The more serious problem was collateral damage from the other war—the one between reformers and the forces of vice in the city. Commissioner Newman’s moves to close the cribs, segregate Storyville, and enforce the requirements of Gay-Shattuck had taken their toll,
forcing substantial layoffs of musicians, waiters, bartenders, and prostitutes. Emboldened by these successes (and by his growing approval among the reform element), Newman next turned his sights on a zealous enforcement of the Sunday Closing Law, ordering a detail of patrolmen to adopt plainclothes and visit saloons on the Sabbath to root out violators. For Mayor Behrman, this was going too far. Using plainclothes police to “
spy on business people,” he announced, was contrary to good public policy, an inducement to distrust and an invitation to graft. Newman disagreed. “
You might just as well telephone to a burglar that you are coming to arrest him as to expect policemen in uniform to catch violations of the Sunday law,” he insisted.
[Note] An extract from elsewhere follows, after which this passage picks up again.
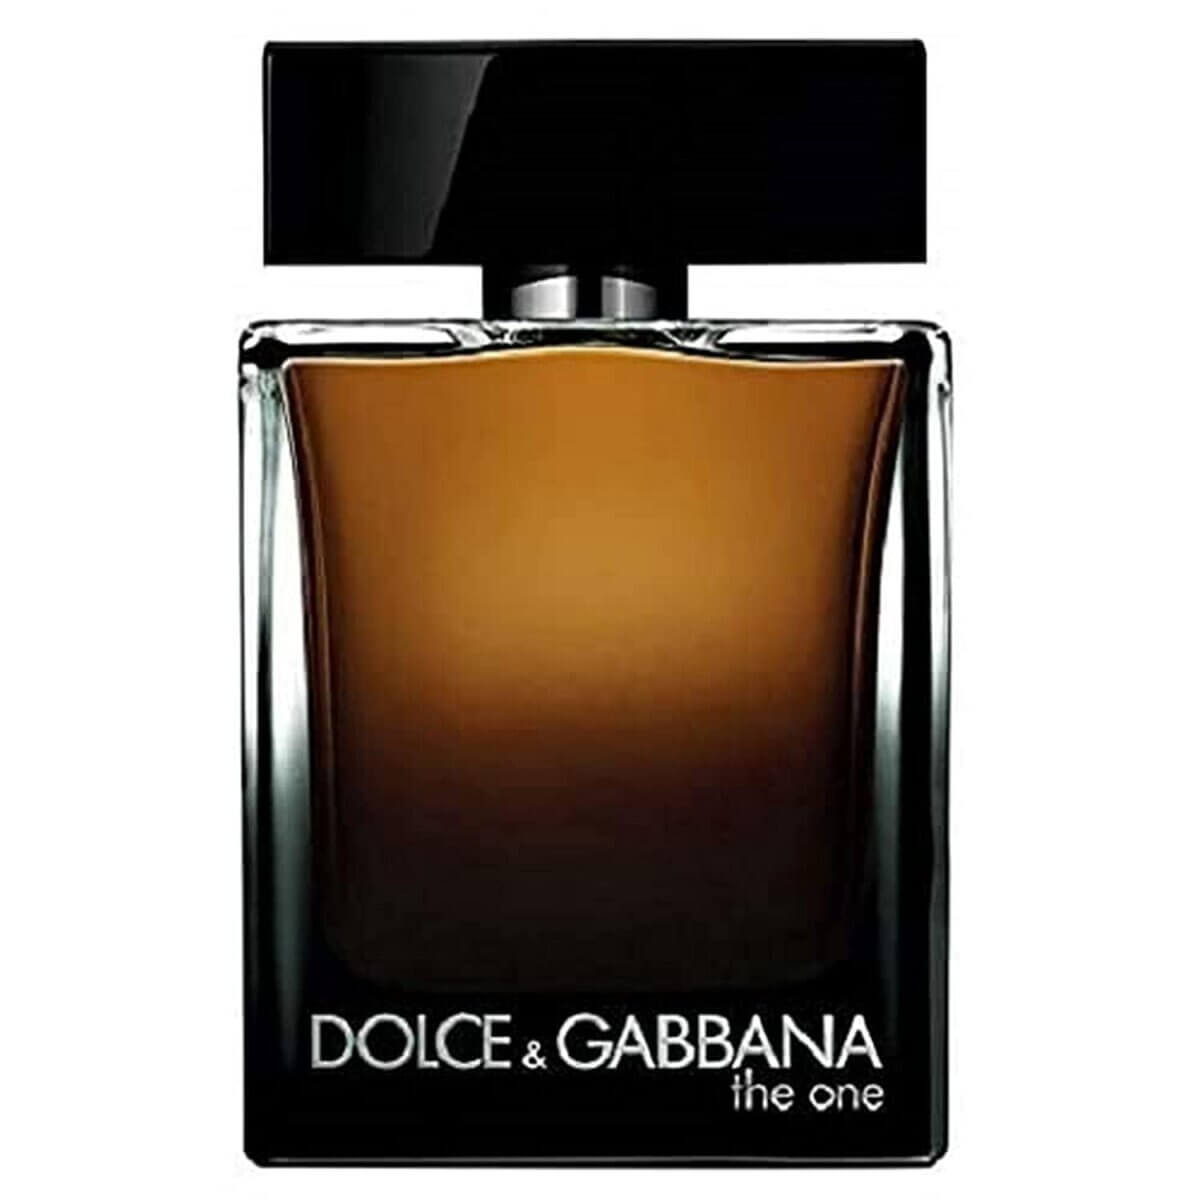 Best Winter Colognes: Top 5 Fragrances Most Recommended By Experts

But Behrman drew the line on this issue. The mayor instructed Superintendent Reynolds to discontinue the practice; Newman, who had nominal authority over the police force, issued orders for the practice to continue. After one Sunday when police had no idea whether to don their bluecoats or not, the conflict came to a head—and Behrman won. In a highly sanctimonious statement to the press, Newman announced his resignation as commissioner of public safety. “
I do not believe I could have slept another night with this thing hanging over me,” he said. “It was a violation of all my principles and moral convictions.” But he warned the Ring that public sentiment had changed in the city: “
The people of New Orleans have seen that the Sunday law can be enforced, and the brewery interests have made a bad move for themselves in this effort to reopen the city. The sentiment here is for law enforcement.”

Reformers soon had the federal government behind them as well. The war effort had raised concerns nationwide about the fitness of the country’s fighting forces; the feds were now insisting on strict enforcement of all vice laws designed to keep soldiers and sailors away from the evils of indulgence. “
Men must live straight to shoot straight,” as Navy secretary Josephus Daniels put it. That meant keeping temptation out of their path. “Keeping Fit to Fight,” a pamphlet written by the American Social Hygiene Association and distributed to all soldiers, put the matter in no uncertain terms: “
The greatest menace to the vitality and fighting vigor of any army is venereal diseases (clap and syphilis)…[and] the escape from this danger is up to the patriotism and good sense of soldiers like yourself … WOMEN WHO SOLICIT SOLDIERS FOR IMMORAL PURPOSES ARE USUALLY DISEASE SPREADERS AND FRIENDS OF THE ENEMY.”